- Gold futures hit $1,590.90 per ounce, their highest level since April 2, 2013, when they reached $1,604.30.
- Gold was also headed for its ninth straight day of gains.
- The precious metal has been on a tear over the past two sessions after President Trump authorized the assassination of Iran's top general, sparking a move out of riskier assets in favor of safe havens such as gold.
Gold surged Monday to its highest level in nearly seven years as investors fled riskier assets such as stocks amid rising tensions between Iran and the U.S.
Futures for February delivery settled up 1% at $1,568.80 per ounce and hit a high of $1,590.90 per ounce. That's the metal's highest level since April 2, 2013, when it traded at $1,604.30. Gold was also headed for its ninth straight day of gains.
"This is a bullish development, and while stretched, should lead to higher gold prices in the days/week ahead," said Mark Newton, managing member of Newton Advisors. He added that the precious metal could soon reach $1,650 to $1,700.
Gold prices have been on a tear over the past two sessions after President Donald Trump authorized the killing of Iran's top general, Qasem Soleimani, in Baghdad. On Friday, gold rallied 1.6%.
On Sunday, Iraq's parliament voted to expel foreign troops from the country, and Iran vowed to retaliate against the U.S. The Iranian regime also said Sunday it would not abide by the uranium-enrichment limits set by the 2015 nuclear deal.
Stock prices tumbled last week after Soleimani was killed. The S&P 500 and Dow Jones Industrial Average had their worst trading day in a month on Friday. The Dow added to those losses on Monday. The S&P 500 and the Nasdaq were marginally higher.
"The killing of Soleimani has heightened geopolitical risks as he was a well-known figure in Iran," wrote Keith Lerner, chief market strategist at SunTrust Private Wealth. "The Iranians may take time to calculate their next move; if they do decide to retaliate, risk assets could come under additional pressure."
Investors have turned to gold in part because the metal is seen as a hedge against market volatility and economic slowdowns, particularly if they are sparked by geopolitical tensions.

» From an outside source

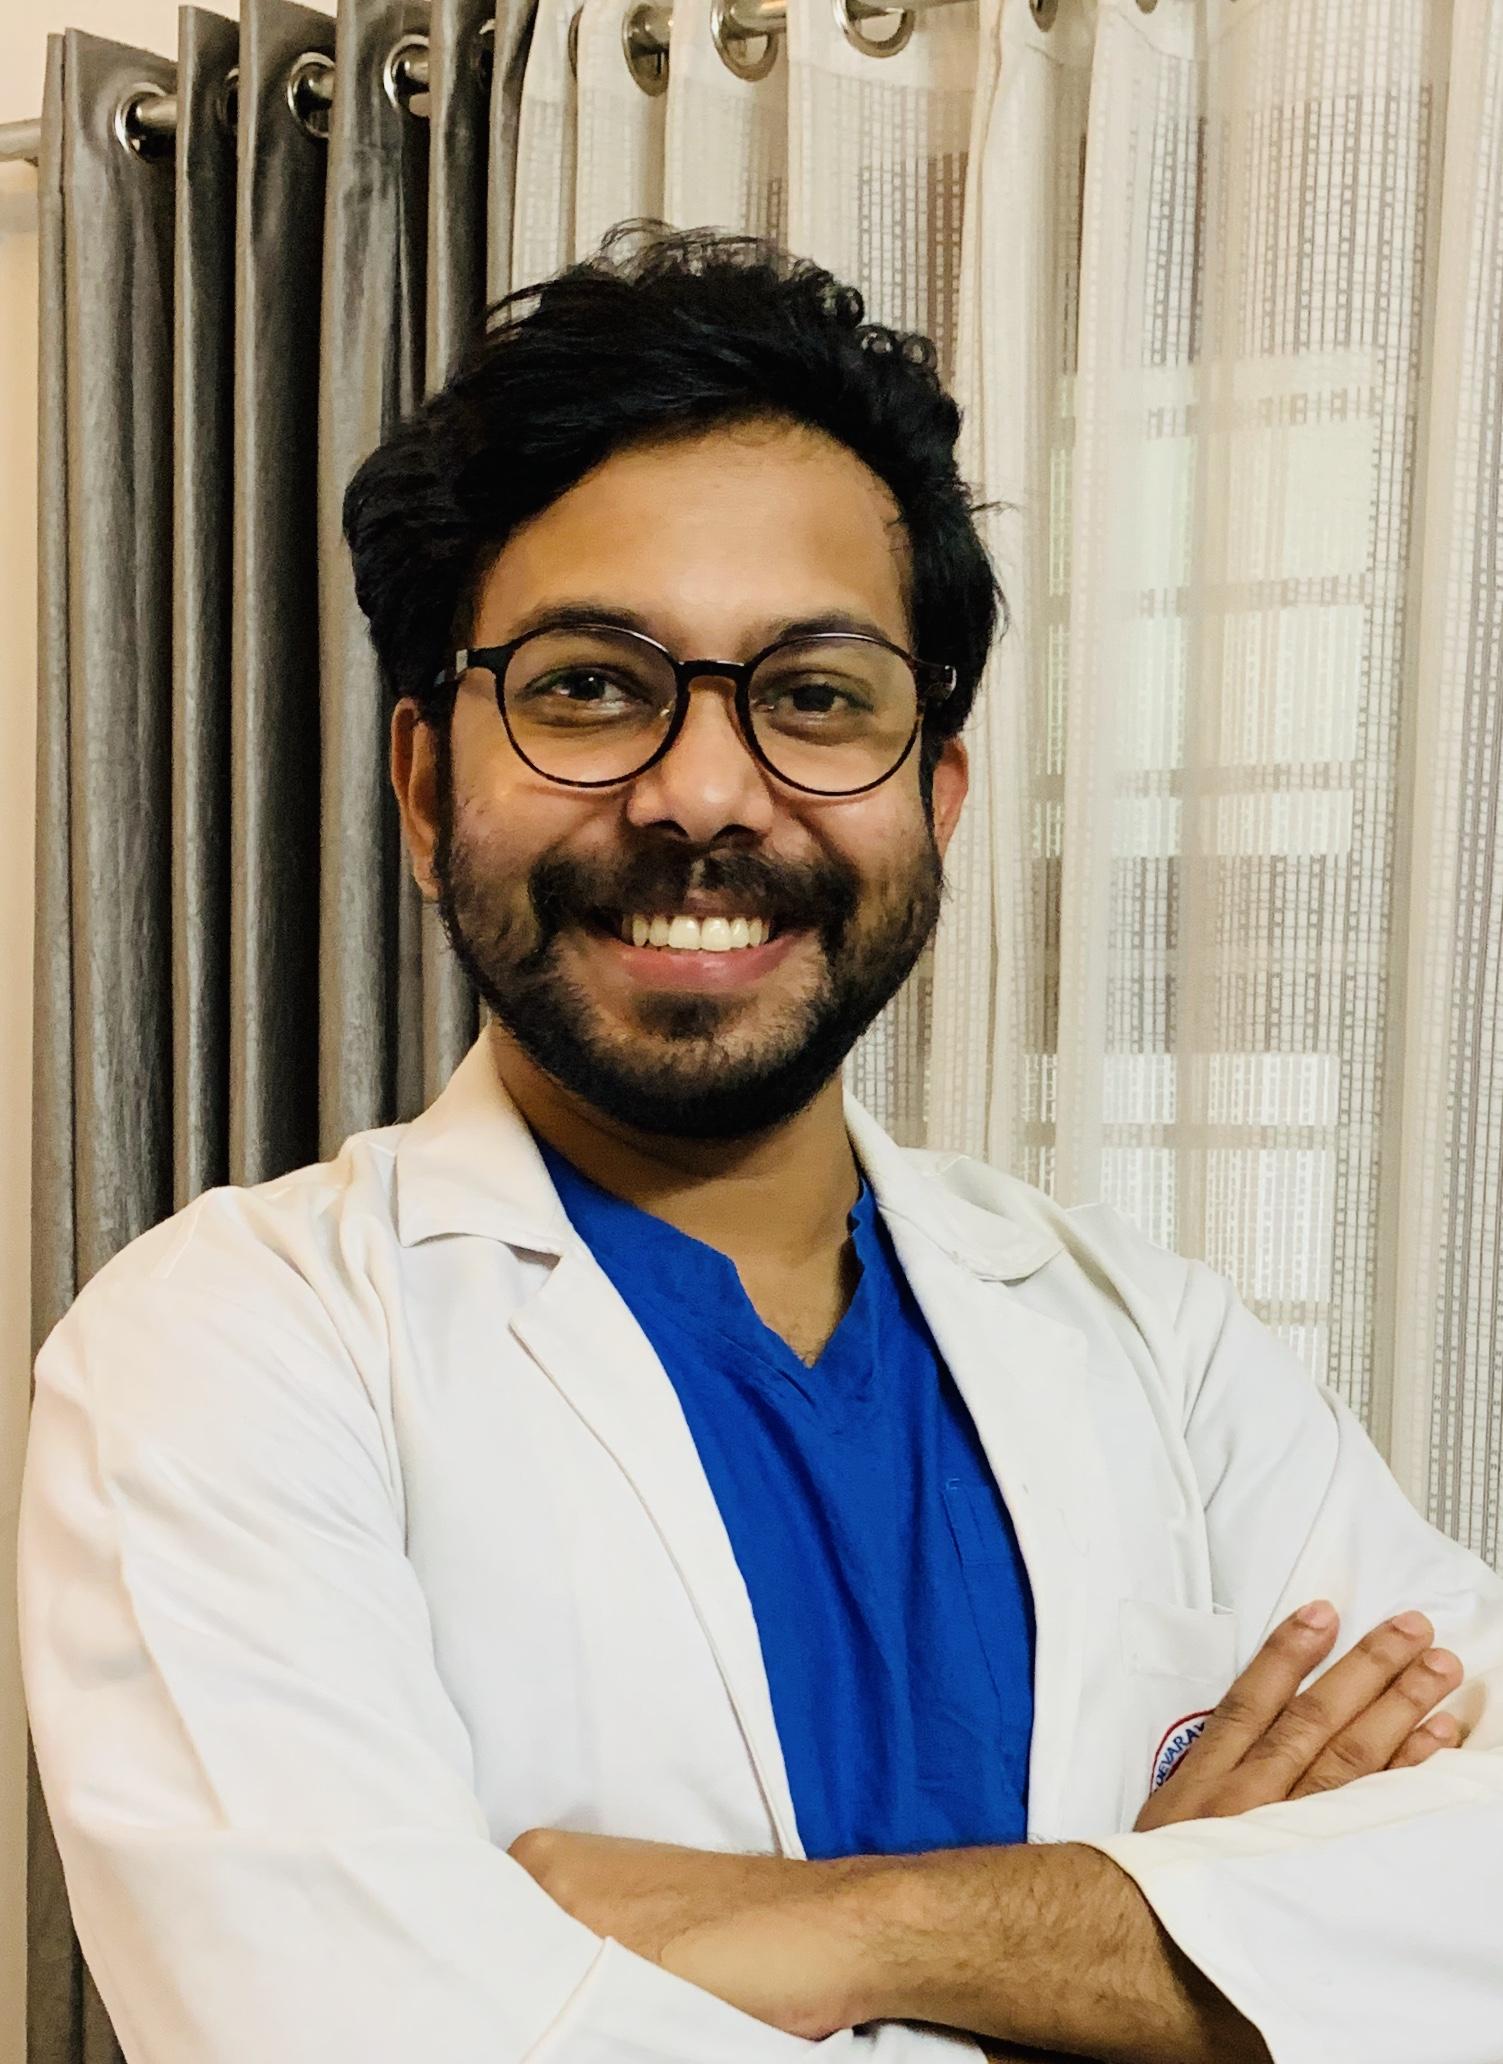 Dr. Akhil K Padmanabhan
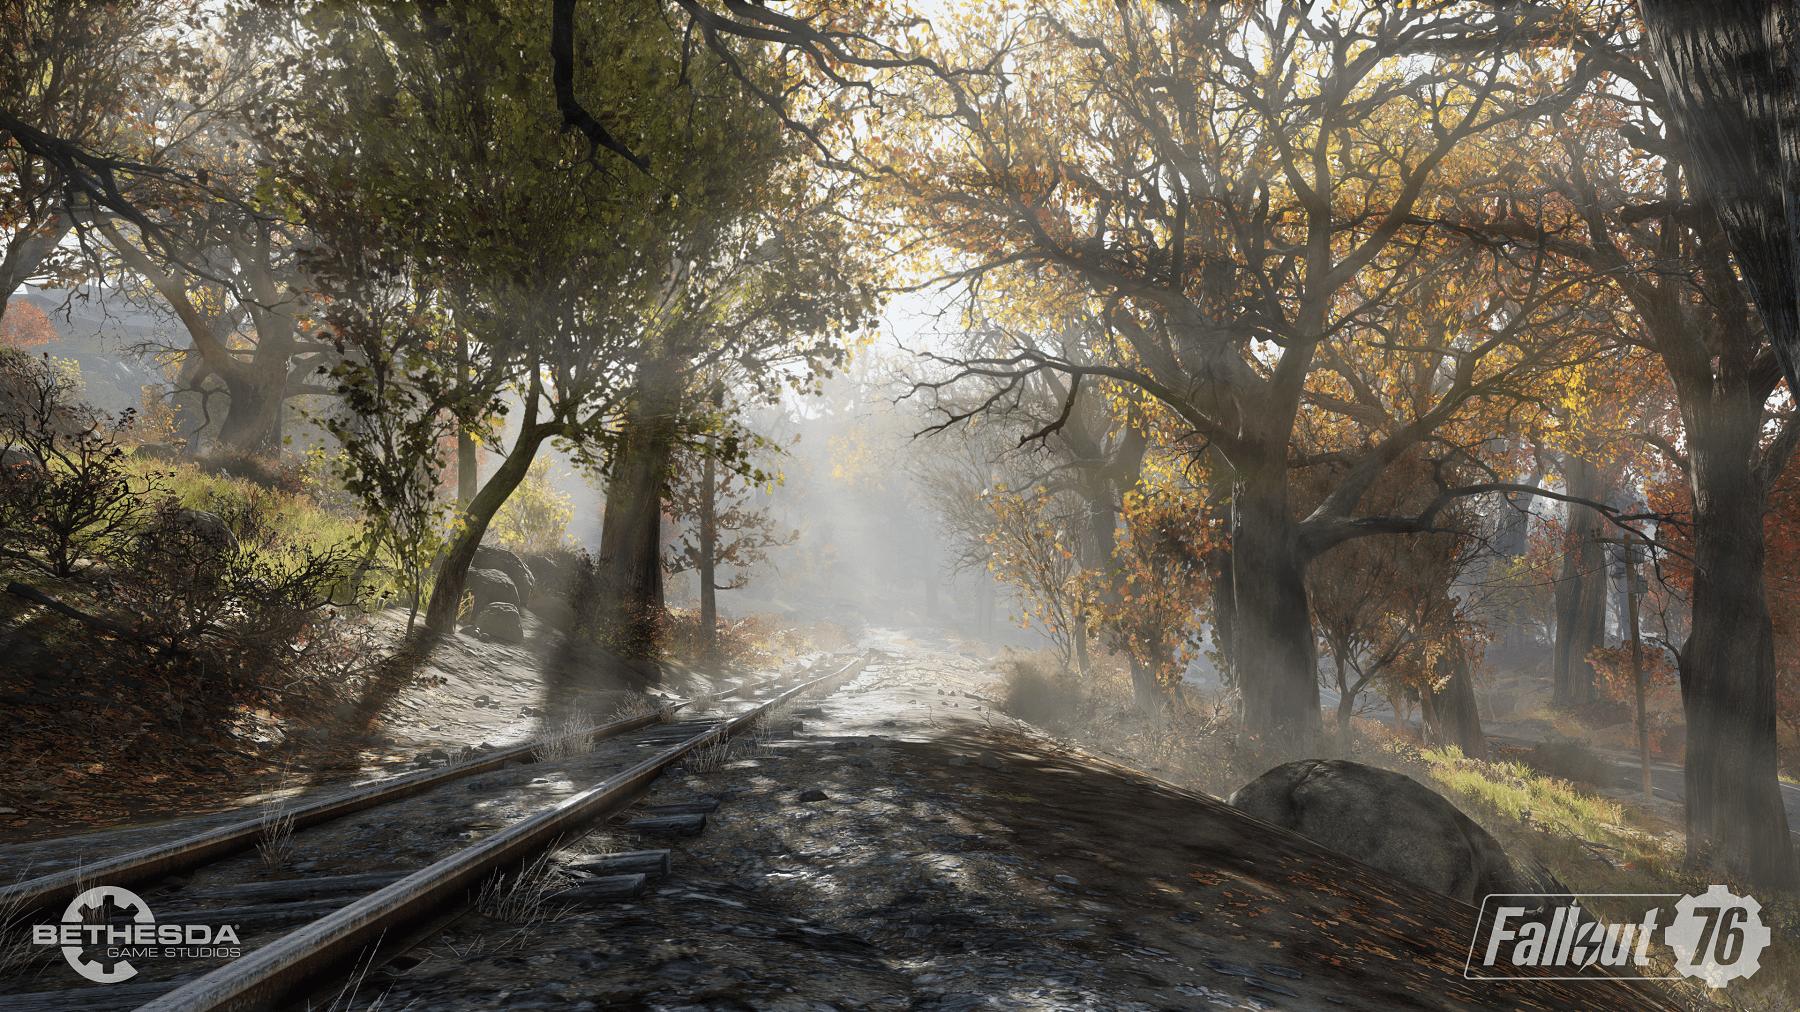 Fallout76 8

"We found that spikes in geopolitical tensions lead to higher gold prices when they are severe enough to cause currency debasement," Jeff Currie, head of commodities research at Goldman Sachs, said in a note. "This most often happens during wars or military escalations."
"Therefore, additional escalation in US-Iranian tensions could further boost gold prices," he said.
The tensions between Iran and the U.S. come at a time when the global economy is fragile. Last month, the U.S. registered its biggest contraction in manufacturing activity since June 2009.
Gold is also used as a hedge against inflation, which could rise if oil prices keep spiking. Crude prices jumped more than 3% on Friday amid worries that the U.S.-Iran conflict could disrupt the global oil supply. On Monday, oil briefly rose more than 1% before erasing those gains.
U.S. inflation has remained stagnant over the past year, leading the Federal Reserve to cut interest rates three times in 2019. The personal consumption expenditures price index, the Fed's preferred measure of inflation, rose just 1.6% in November. That's well below the Fed's preferred inflation target of 2%.